I thought the OP was talking about building a Lower. Usually barrel nuts go on the upper. Also I don't own a Vise Block and have had no problems building mine. Kinda of a stretch about going full auto. Might could happen, but not very likely.


----------



## Firefishvideo (Jul 1, 2010)

jpwalnuthill said:


> I thought the OP was talking about building a Lower. Usually barrel nuts go on the upper. Also I don't own a Vise Block and have had no problems building mine. Kinda of a stretch about going full auto. Might could happen, but not very likely.
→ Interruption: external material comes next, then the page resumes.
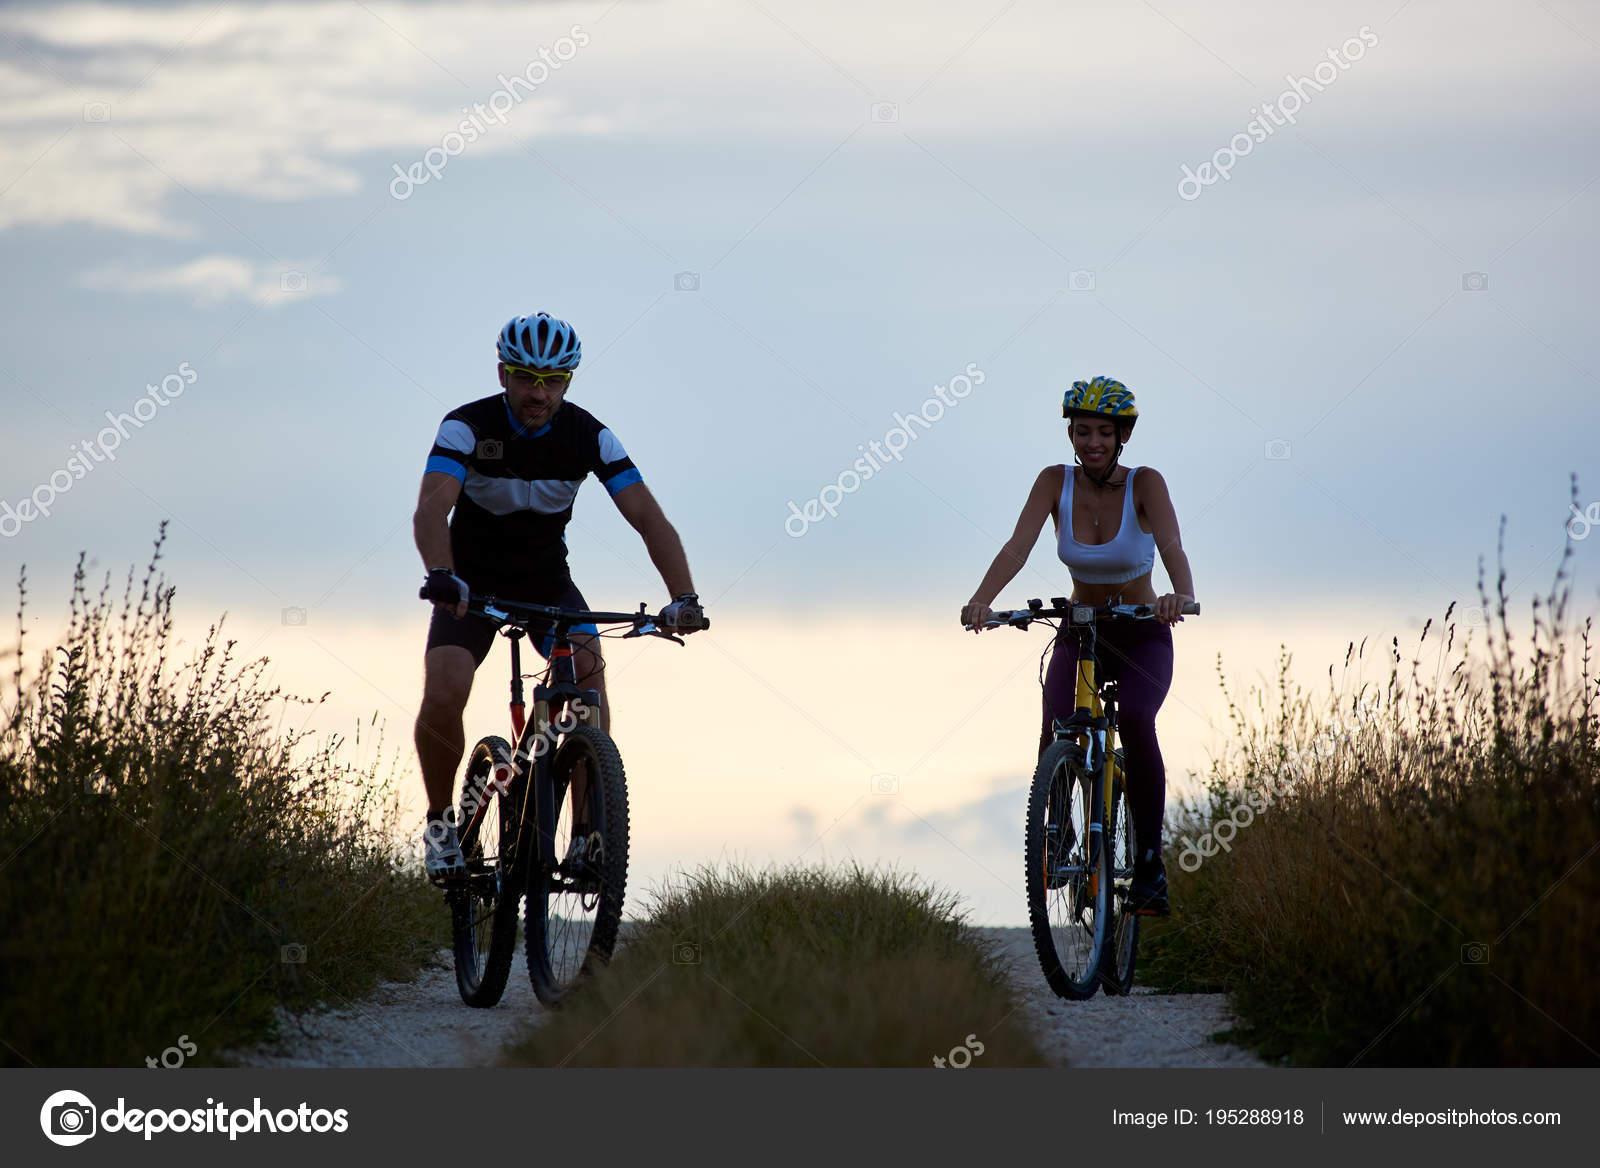 Ζευγάρι του ποδηλάτη ιππασία ποδήλατα σε επαρχιακό δρόμο. Ταιριάζει νέους  ανθρώπους σε αθλητικά ρούχα ποδηλασίας κατάβασης ενάντια όμορφο ορίζοντα με  τέλειο ... 15090023dfc

YEAH.....thats what I thought too....until I saw it happen.
Not all the supposedly "tinker toy" parts fit together as perfectly as they should.
lots of suppliers, lots of mfg plants = slight deviations.
If the timing of the disconnector and the hammer do not match perfectly - you will get more than one shot fired per trigger pull.
This is not a controlled full auto - but a dangerous, uncontrolled action....that can cause a round to go off before the gun goes into battery.
If this happens - you can blow the gun to pieces in your hands.
Not the norm.....but it can happen.....and you should know what you are doing when you build a firearm.
* One added note of warning: dont go polishing your trigger group unless you REALLY know what you are doing. I saw a batch of lowers that had been "polished" by a local guy - which all failed my mechanical test. The trigger groups all had to be replaced, because they would have also failed to lock up after the first shot and were unsafe.


----------